My question is how to show that the following map is a parametrization:
$$ X(u, v) = x(u) a + y(u) \cos v b - y(u) \sin v c, \qquad (u, v) \in I \times (\theta, \theta + 2 \pi) $$
where $\{a, b, c\}$ is a positively oriented orthonormal basis or the 3-space, $I$ is an open interval of the real line and $x, y: I \longrightarrow \Bbb{R}$ are functions that do not take the zero value for the same $t \in I$.
This is, according to the solution of Exercise (3) of chapter 2 of Curves and Surfaces, 2nd Edition, by Montiel and Ros, a parametrization of a surface of revolution around an axis $R$ in the direction of $a$.
I can see, intuitively, that $X$ is an homeomorphism, but I am failing to write a formal proof.
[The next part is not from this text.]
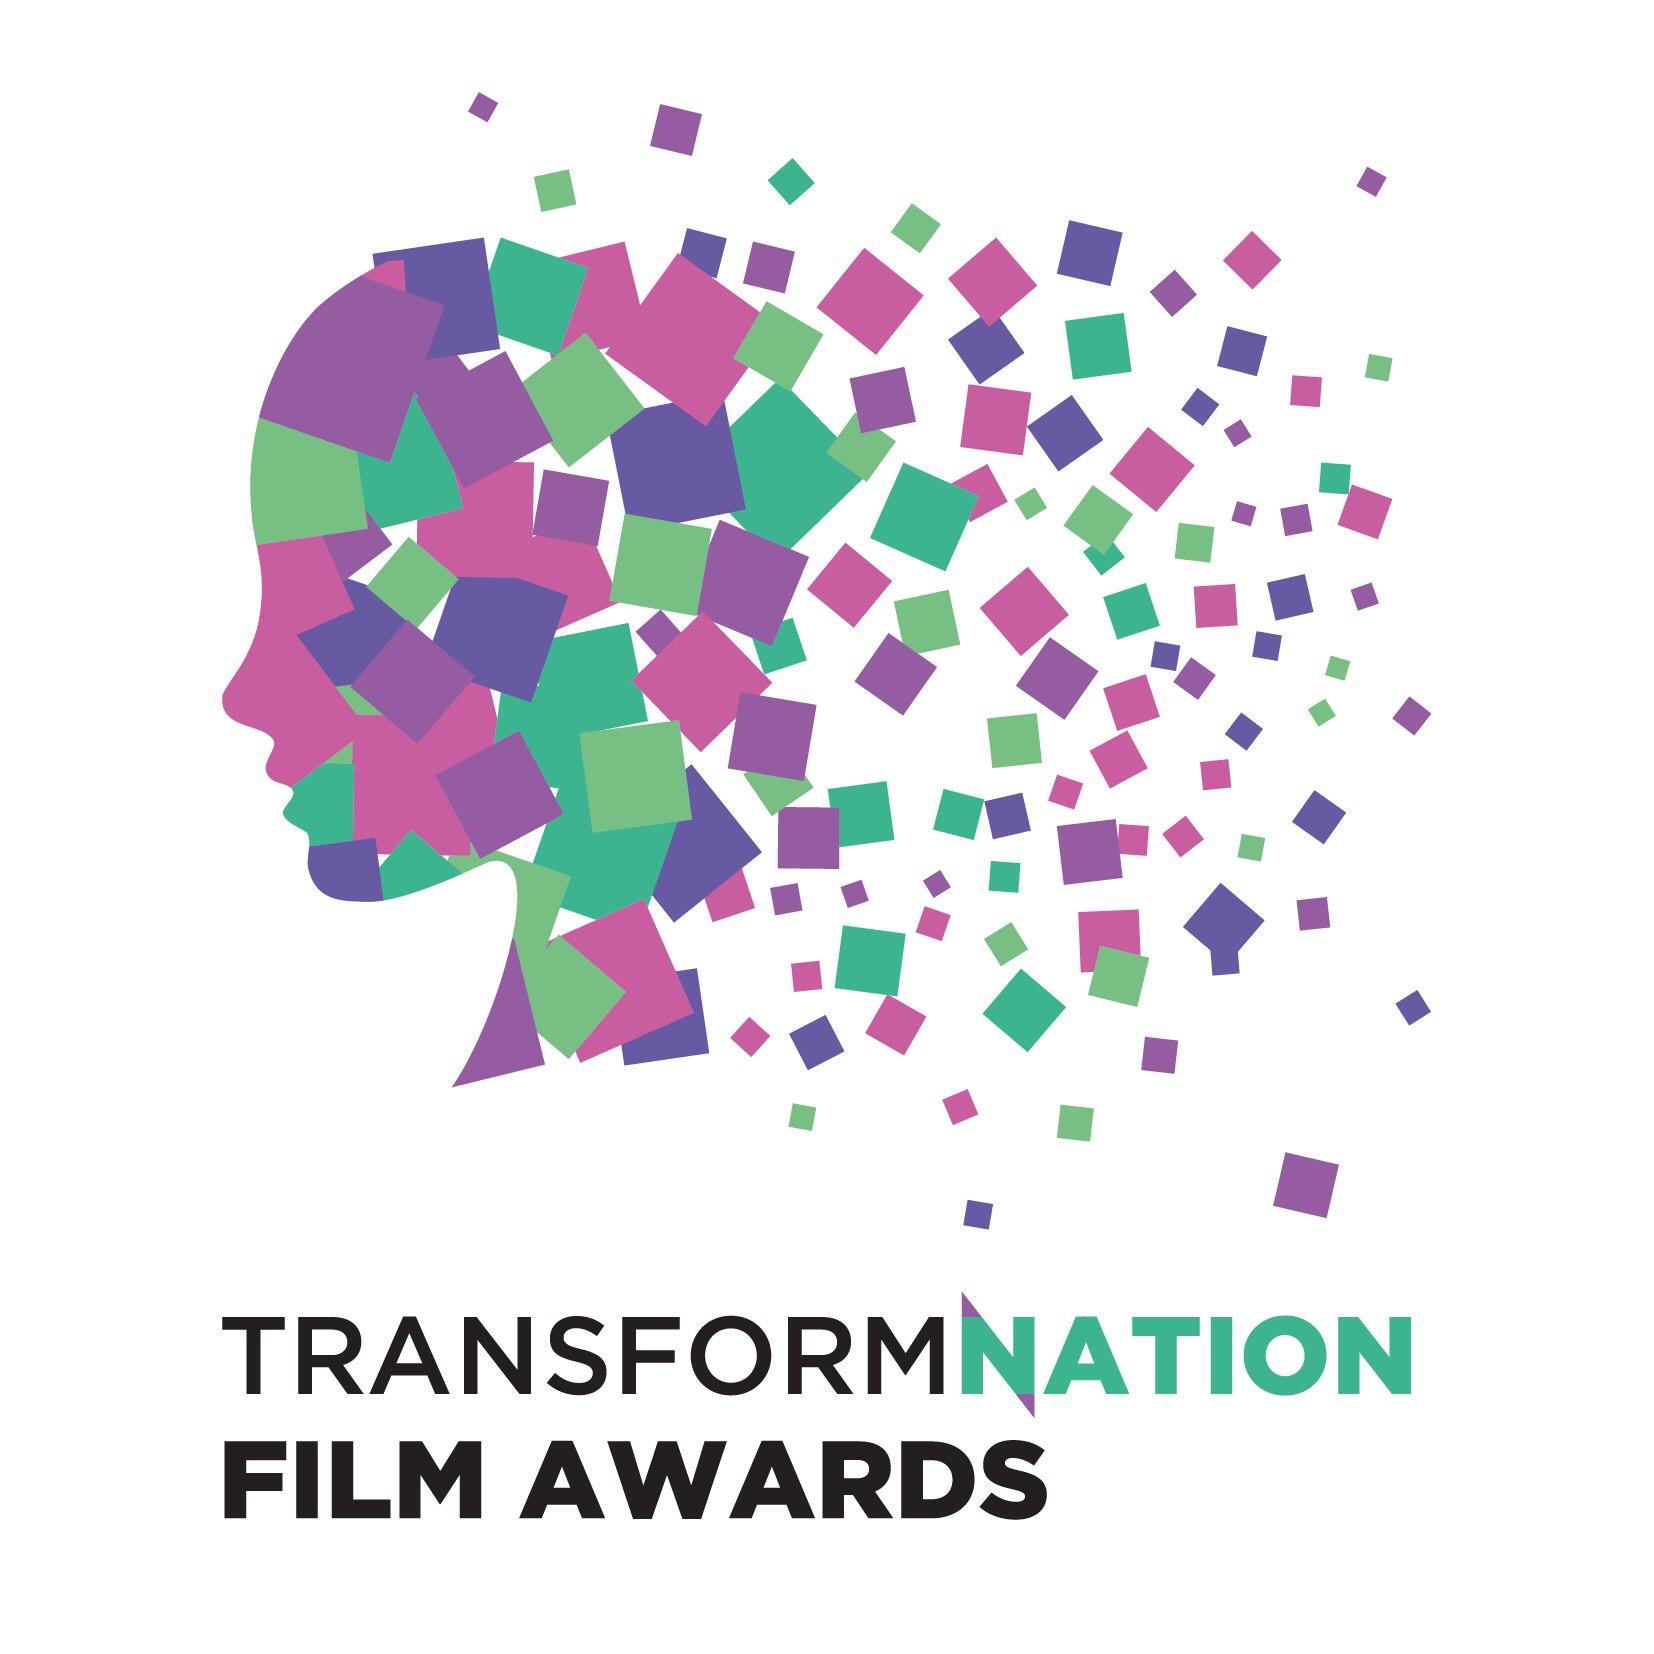 Объявлены лауреаты первой международной кинопремии TransformNation Film Awards

Also, I computed the derivative $$ (dX)_{(u, v)} = \begin{bmatrix} x'(u) & 0 \\ y'(u) \cos v & - y(u) \sin v \\ - y'(u) \sin v & - y(u) \cos v \end{bmatrix} $$ but I am unable to show that it is injective.
Any help will be the most appreciated. Thanks in advance.
EDIT
With the hints by Ted Shifrin I was able to show that the derivative is injective:
Let $(z, w) \in \Bbb{R}^2$. We will show that we cannot have $(dX)_{(u, v)}(z, w) = 0$ unless $(z, w) = 0$. Indeed, if it was the case, we would have \begin{align*} & x'(u)z = 0, \\ & y'(u) \cos v z - y(u) \sin v w = 0, \\ & - y'(u) \sin v z - y(u) \cos v w = 0. \end{align*} If $z = 0$ then $w = 0$. Suppose that $x'(u) = 0$ and $z \neq 0$. Then $y'(u) \neq 0$. If $\cos v = 0$ or $\sin v = 0$ then $z = w = 0$. If not, then $$ w = \frac{y'(u)}{y(u)} \frac{1}{\tan v}z = - \frac{y'(u)}{y(u)} \tan v z \implies z = - \tan^2 v z \implies z = w = 0. $$
I am yet unable to find an inverse function for $X(u, v)$.